Представитель высшей власти на острове, Бенейган, который до этого момента ограничился тем, что слушал, так как положение не позволяло ему опускаться до разбирательства "простой домашней проблемы", жестом приказал всем замолчать. Он внимательно посмотрел на девушку, осмелившуюся разговаривать с Советом старейшин столь непочтительным тоном, и затем сказал:
– Твоя дерзость превосходит твою неоспоримую красоту, но меня беспокоит, что ты ведешь себя так, полагая, что, раз ты являешься женой чужеземца, его власть тебя защищает. – Он легонько указал на нее концом длинного копья, которое всегда носил с собой, и добавил: – И все же тебе не следует забывать, что ты по-прежнему живешь на острове, и тот факт, что ты спишь с пришельцем, не отменяет того, что ты связана с нами кровными узами.

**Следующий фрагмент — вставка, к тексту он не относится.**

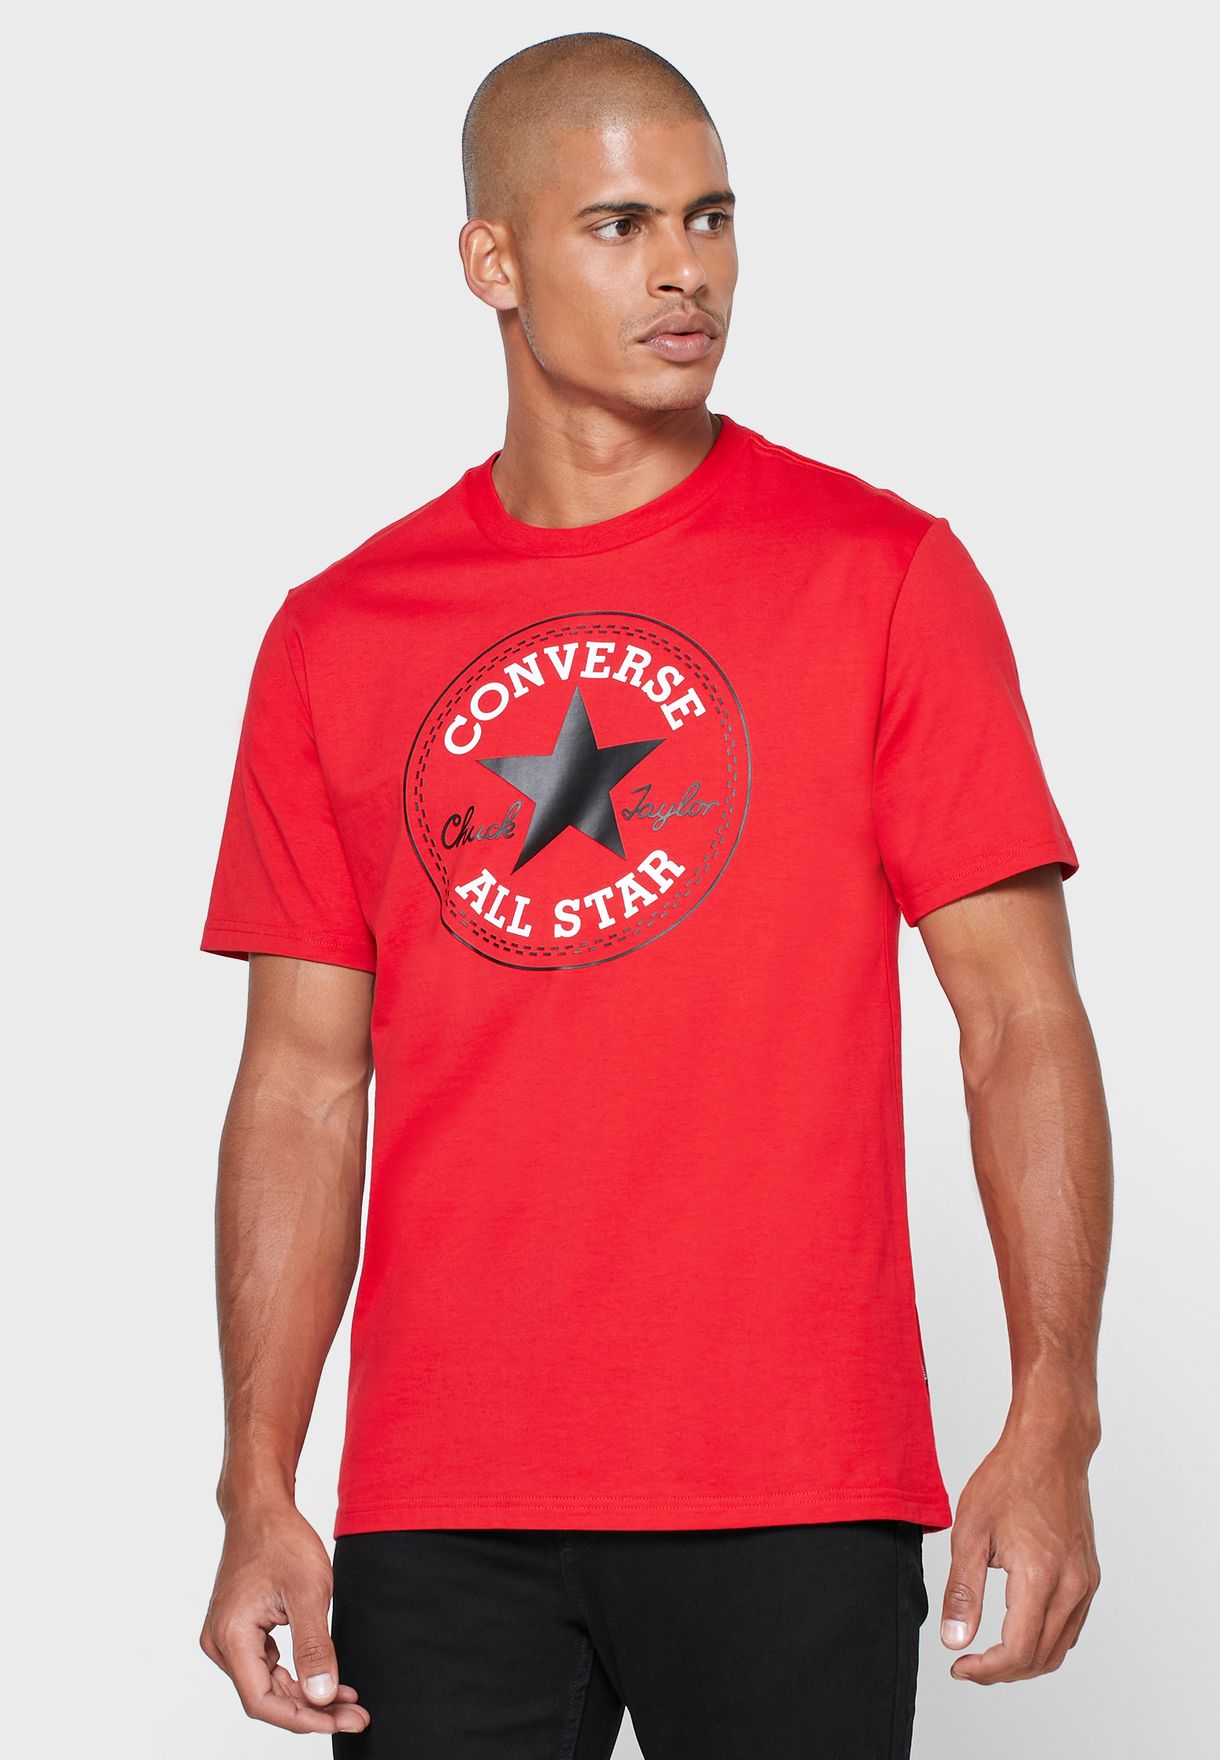 red converse t shirt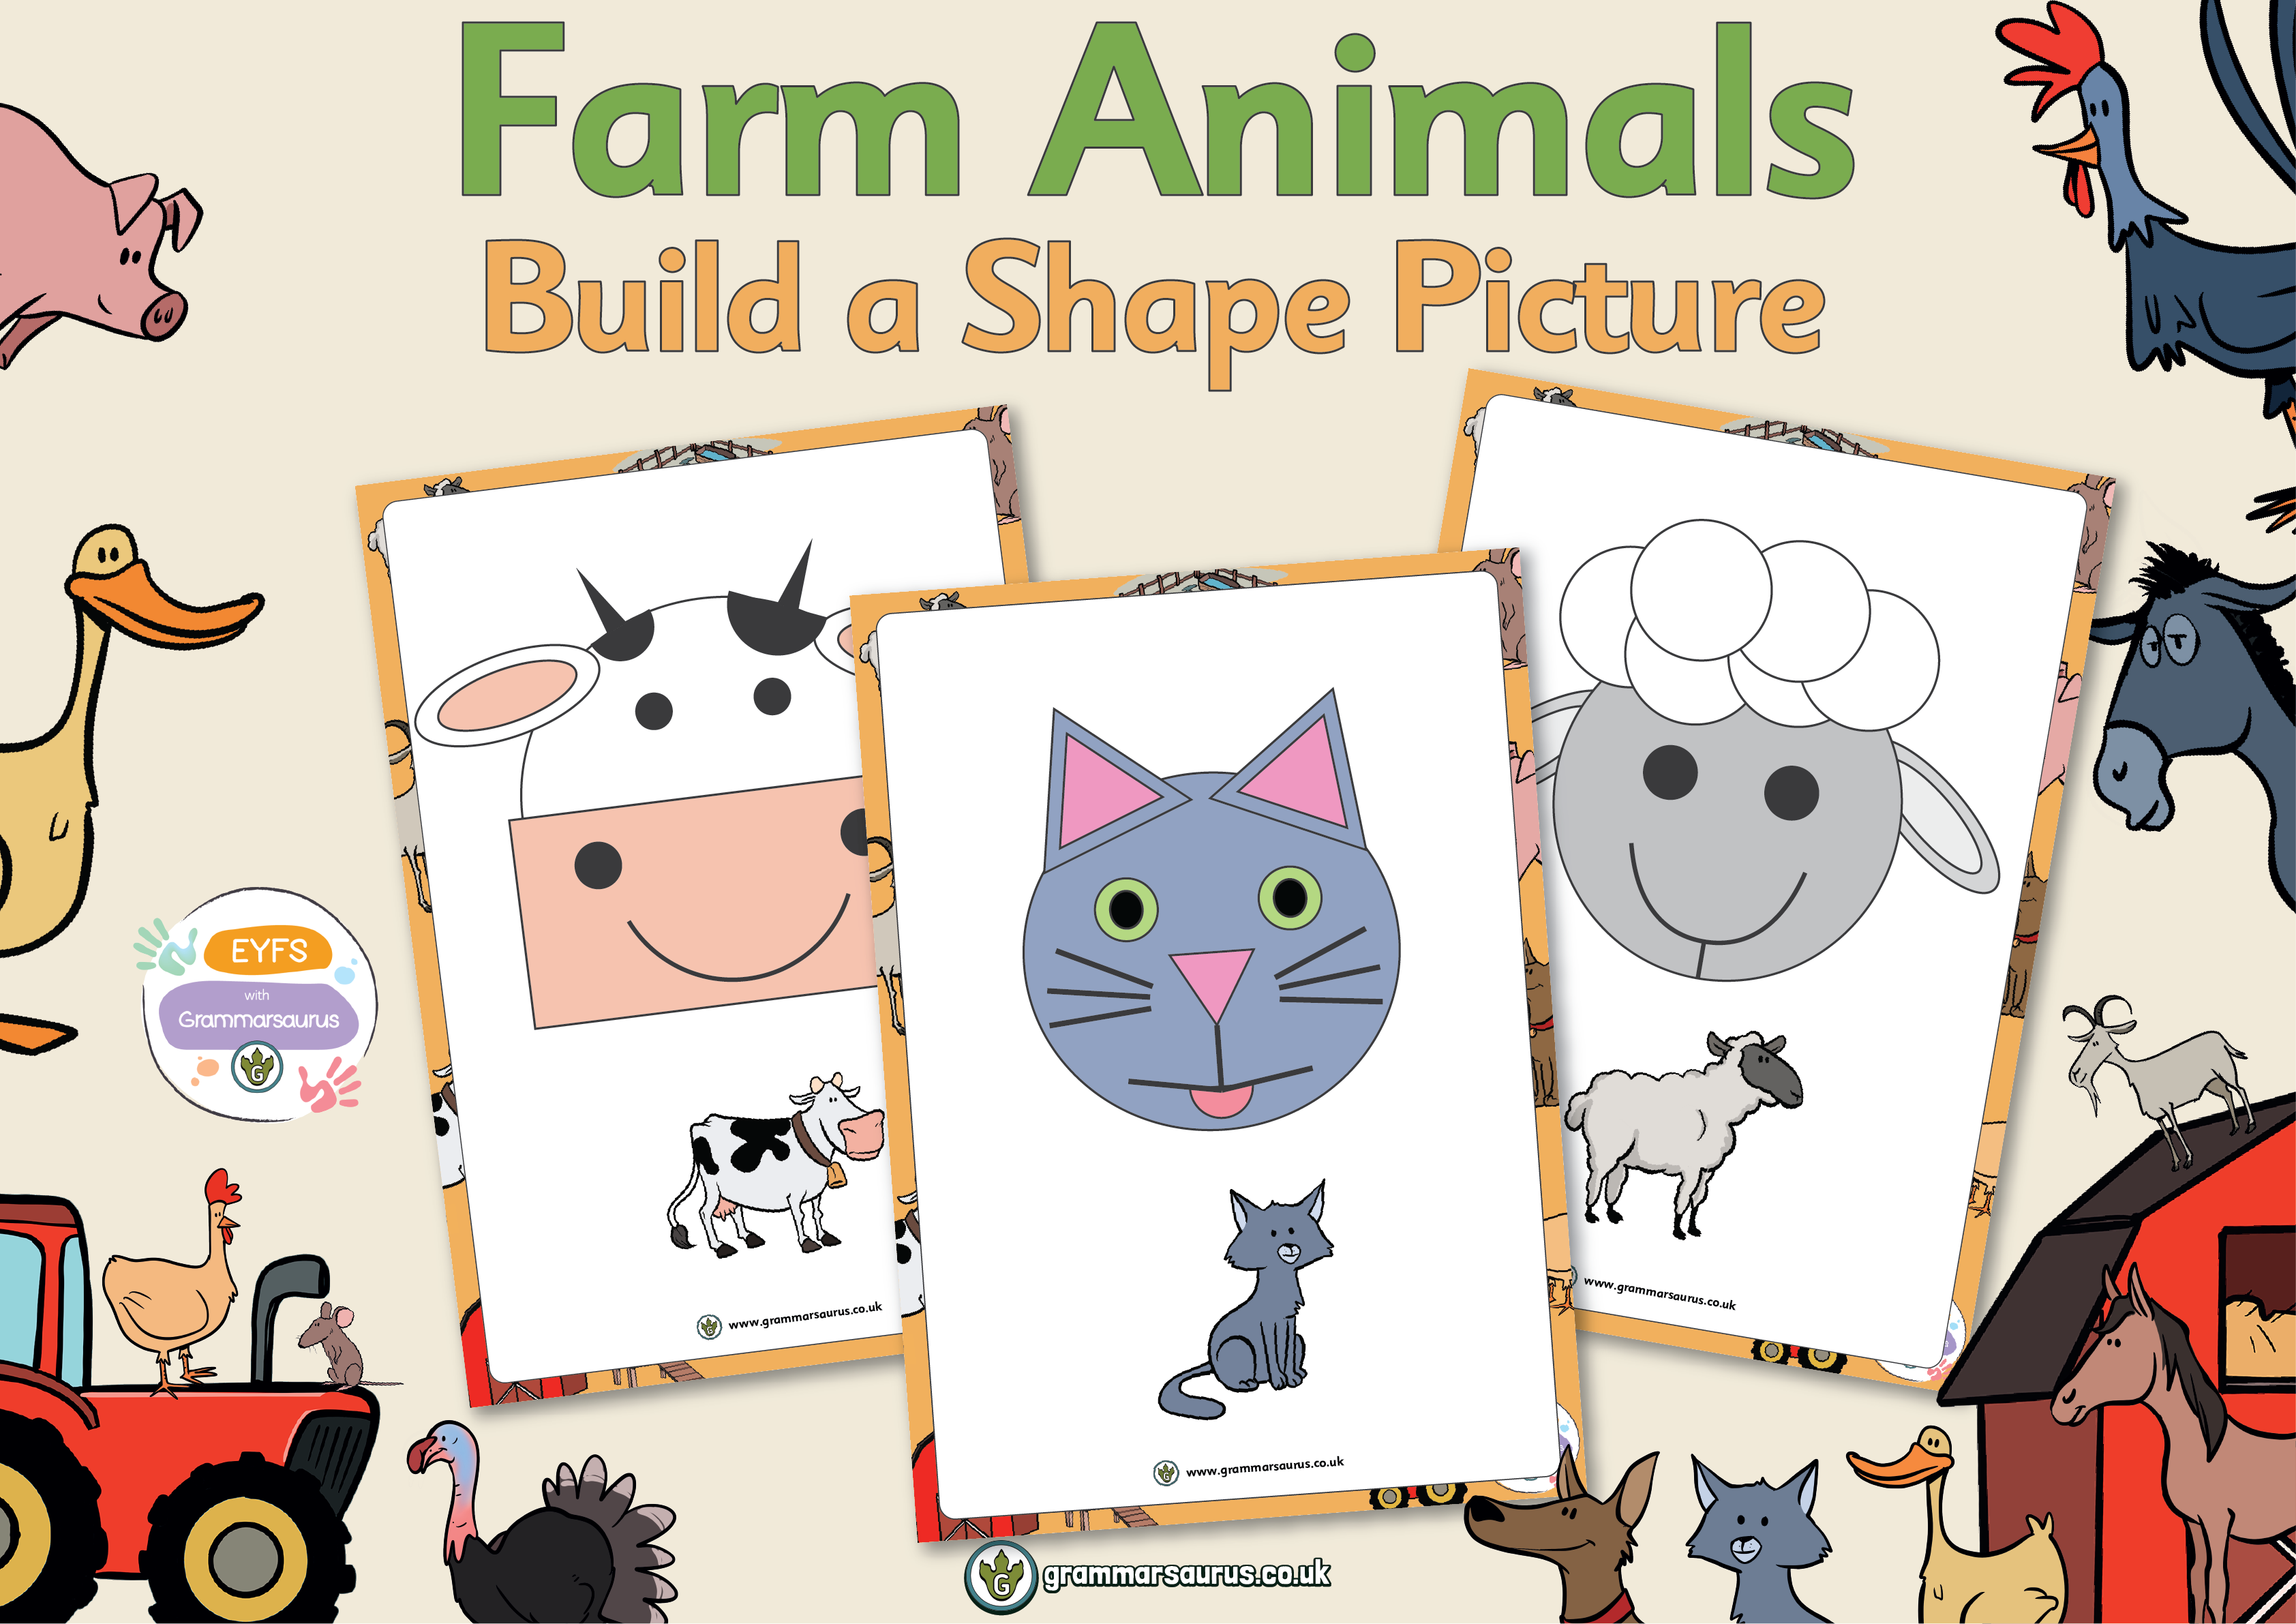 EYFS Farm Animals - Build a Shape Picture - Grammarsaurus

– Я этого не забыла и никогда не забуду, – успокоила его девушка. – Тем не менее хочу тебе напомнить, что, согласно нашим самым древним обычаям, когда женщина соглашается навеки соединиться с мужчиной, она должна служить ему, подчиняться и даже покинуть свою семью, чтобы войти в семью супруга… – Она сделала короткую и выразительную паузу перед тем, как завершить свою речь. – И я так и поступила.
– Этот закон был придуман не для чужеземцев.
– Это трудно утверждать, поскольку он был установлен, когда на остров еще не прибыл ни один чужеземец, однако они уже здесь, и этого никто не может отрицать… – Девушка сделала короткую паузу и добавила: – Я хочу, чтобы было ясно только одно: я никогда не поступлюсь интересами моего народа ради супруга, так же как никогда ничего не сделаю во вред супругу ради моего народа. Скорее наоборот: испытывая любовь к обоим, я считаю, что многое могу сделать для всеобщего блага.
Вождь островитян, который явно не привык к тому, чтобы кто-то ему перечил, особенно если это молодая женщина, выказавшая не по возрасту живой ум и красноречие, ответил не сразу. Он покрутил в ладонях копье, с которым никогда не расставался, словно, когда он ощущал его в руках, ему лучше думалось, и после долгой паузы заметил:
– Как тебе верить, если, насколько я понял, ты уже отреклась от наших богов, приняв бога испанцев.
– Моя семья никогда не принимала ваших богов, точно так же как я не принимаю бога испанцев. Моя бабушка, очень мудрая женщина, внушила мне, что существует только два бога, которых мы должны любить, бояться и уважать: солнце и вода. Вот они действительно нас защищают, потому что во мраке ночи царит смерть, а без воды нет жизни.
– Да как ты смеешь?! – воскликнул вне себя один из старейшин, будучи не в силах справиться с негодованием, хотя по своему положению он не имел права вмешиваться, пока Бенейган вел разговор. – Нас создали Эраоранзан и Монейба, мужчина и женщина, и только они…
Он осекся, заметив суровый взгляд своего предводителя, который немедленно обратился к Гарсе:
– Уж не думаешь ли ты, что что-то может родиться иначе, чем от союза двух существ противоположного пола? Если это внушила тебе твоя бабка, ты должна считать ее не мудрой старой женщиной, а сумасшедшей старухой.